*TASK GOAL*.
Taking the line that contains "Ein acer-Baum (japanischer" as the start and the last line of the data as the end, repeat exactly every line in that span, but no pictures.

*THE DATA*.
* * *

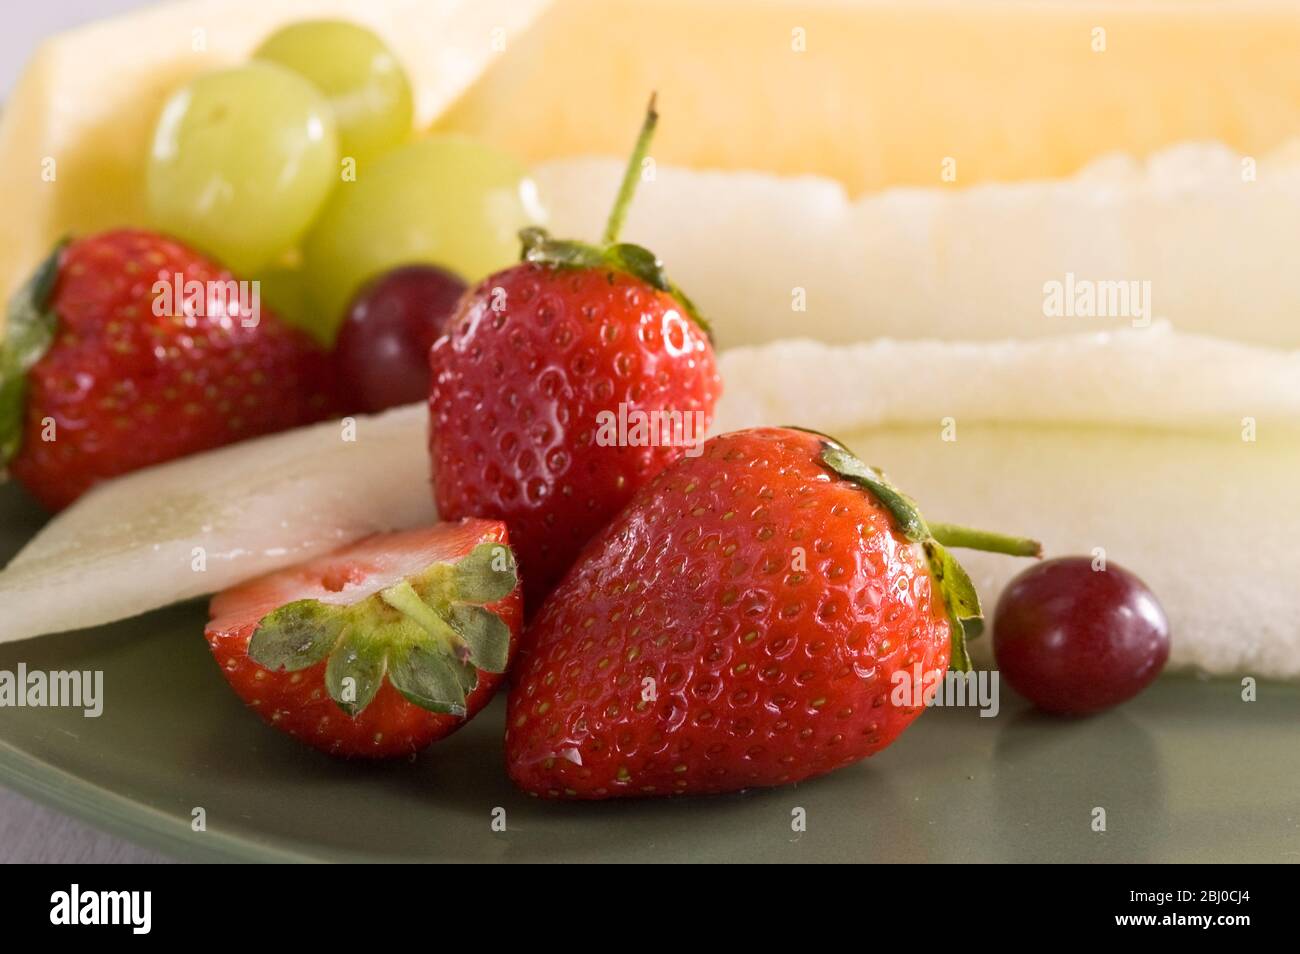 Salade de fruits frais de fraises, raisins et tranches de melon et d'ananas sur la plaque verte. - Banque D'Images
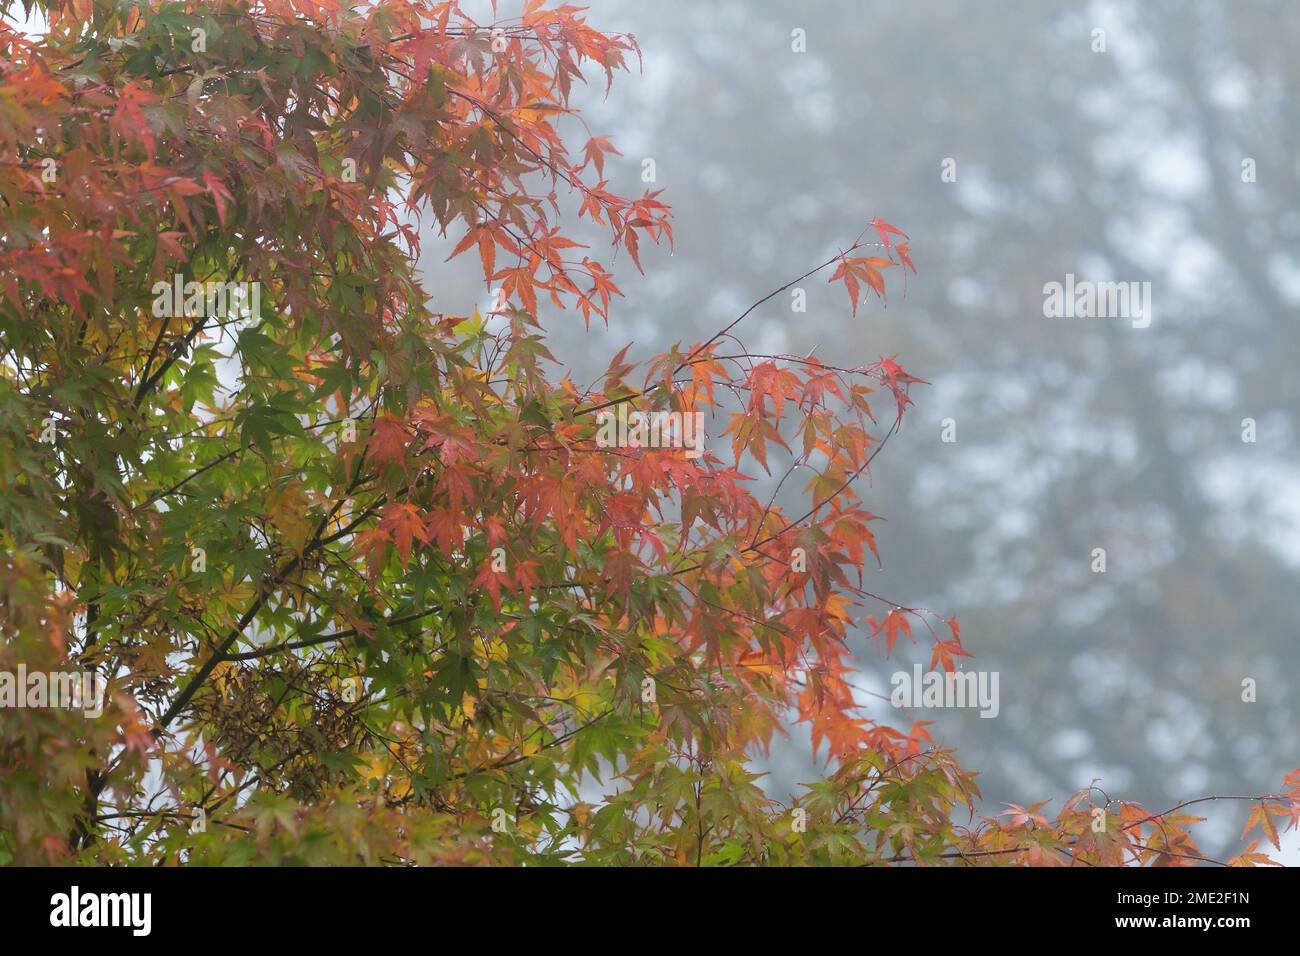 Ein acer-Baum (japanischer Ahorn) im Herbst (Herbst). Die Blätter verwandeln sich langsam in die Rottöne und Goldtöne des Herbstes. Stockfoto
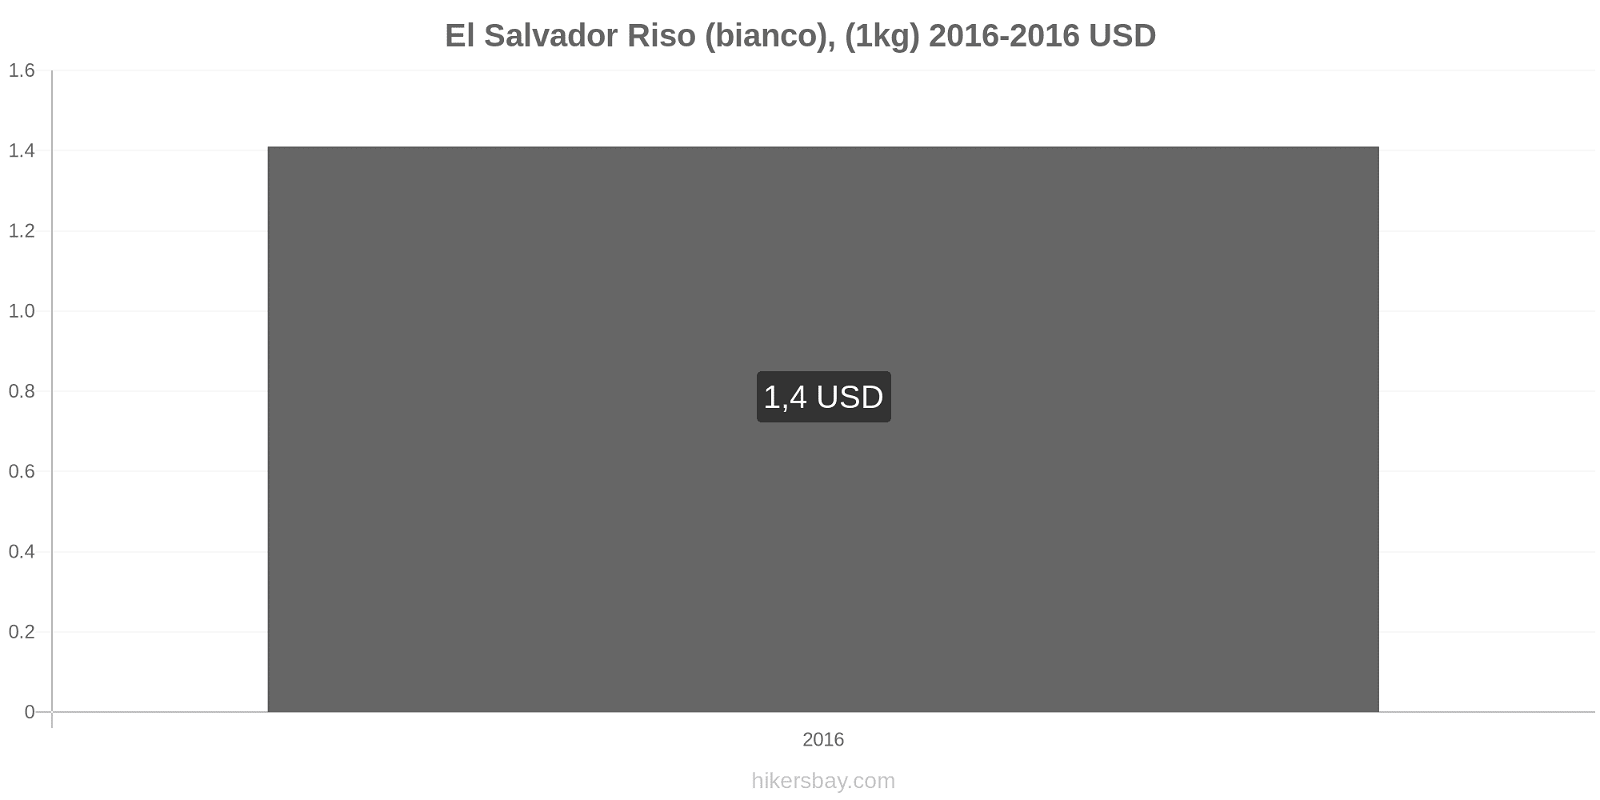 El Salvador cambi di prezzo Chilo di riso bianco hikersbay.com
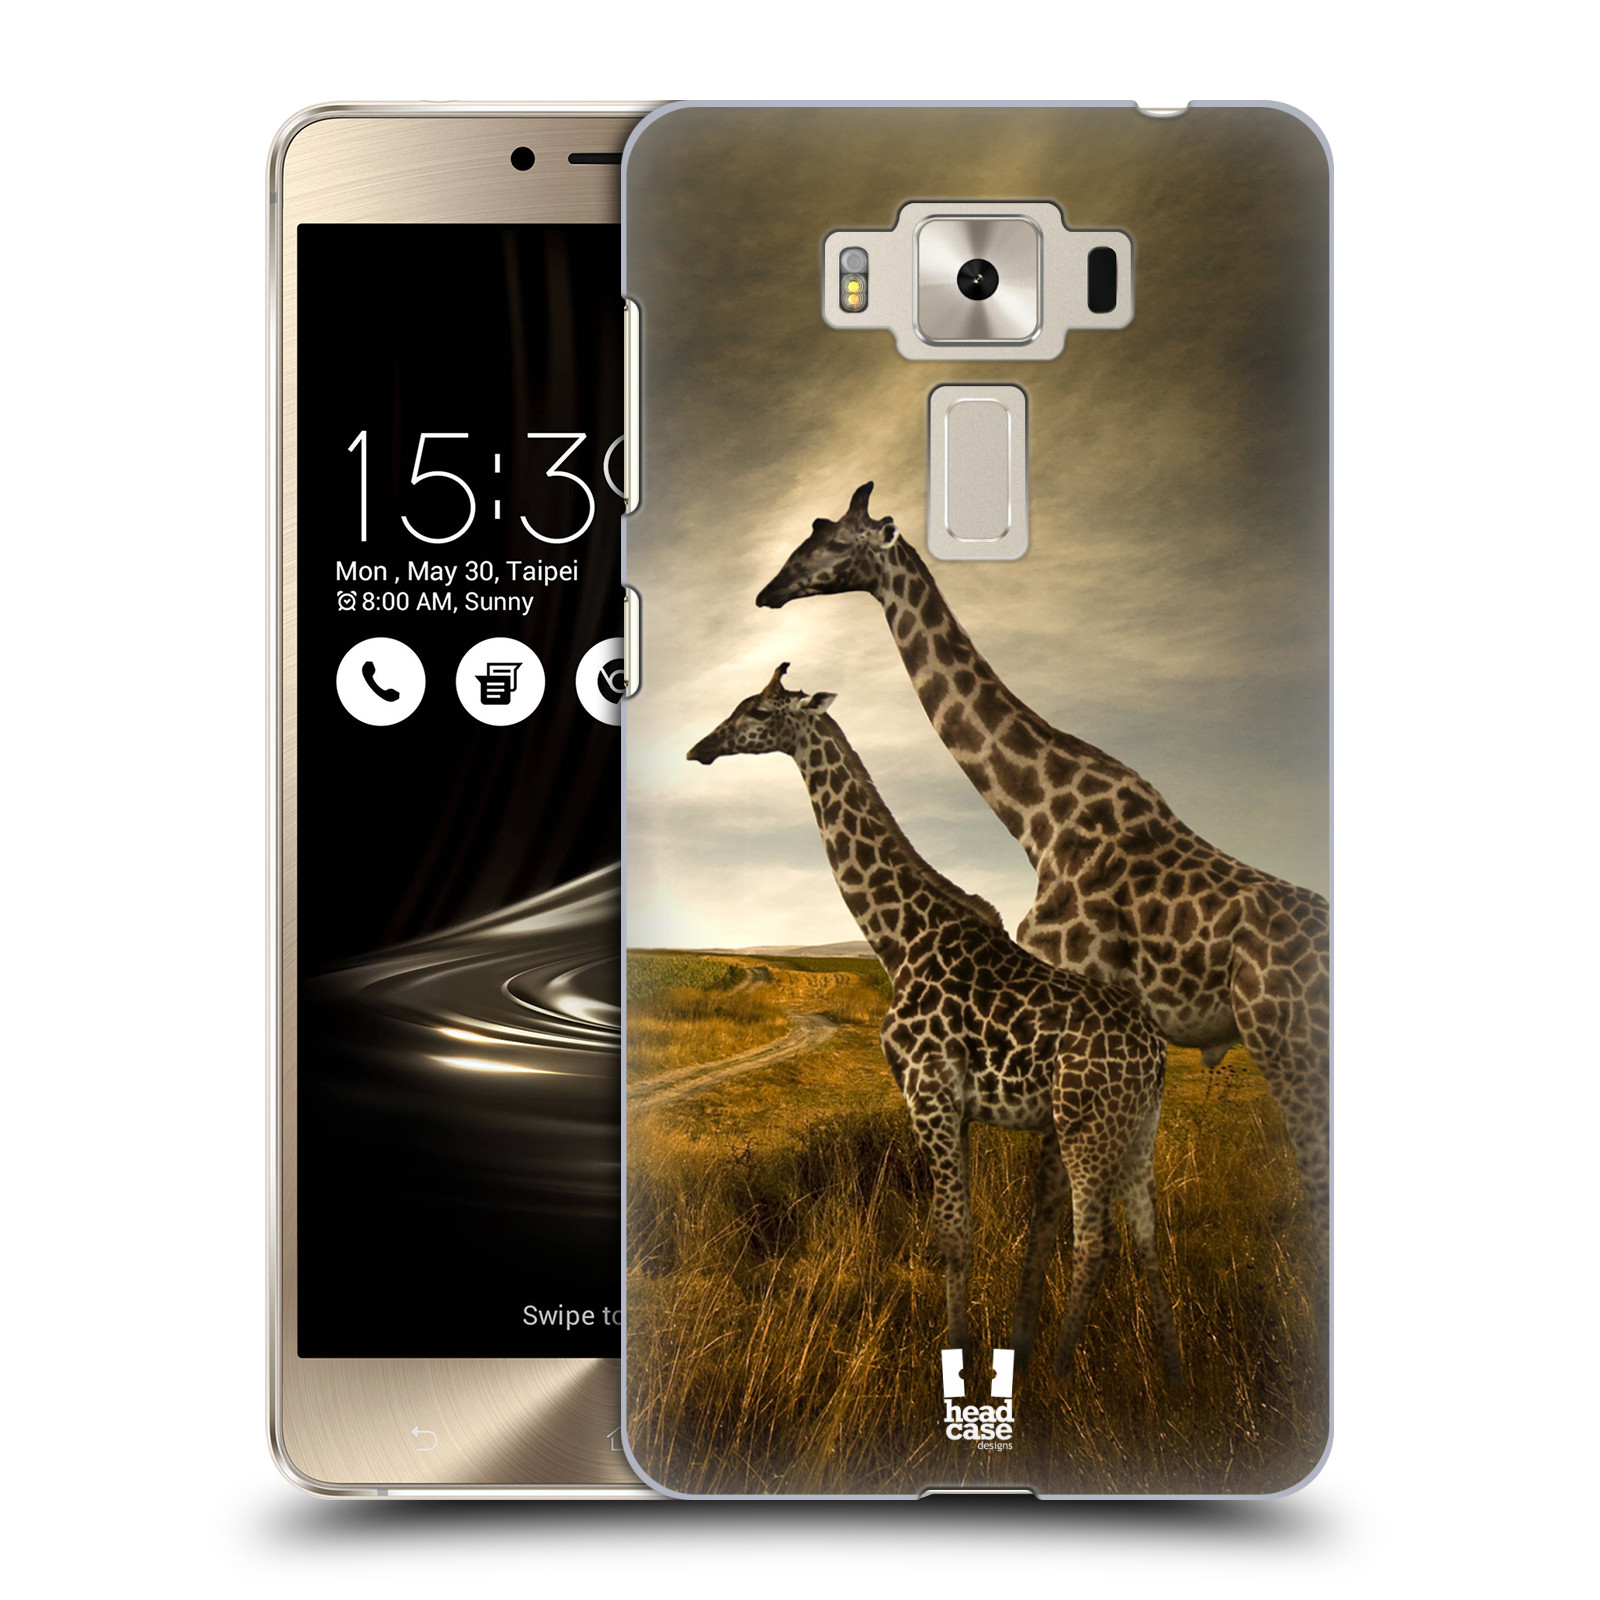 HEAD CASE plastový obal na mobil Asus Zenfone 3 DELUXE ZS550KL vzor Divočina, Divoký život a zvířata foto AFRIKA ŽIRAFY VÝHLED

* * *

*EXPECTED OUTPUT*.
 Ein acer-Baum (japanischer Ahorn) im Herbst (Herbst). Die Blätter verwandeln sich langsam in die Rottöne und Goldtöne des Herbstes. Stockfoto
 El Salvador cambi di prezzo Chilo di riso bianco hikersbay.com
 HEAD CASE plastový obal na mobil Asus Zenfone 3 DELUXE ZS550KL vzor Divočina, Divoký život a zvířata foto AFRIKA ŽIRAFY VÝHLED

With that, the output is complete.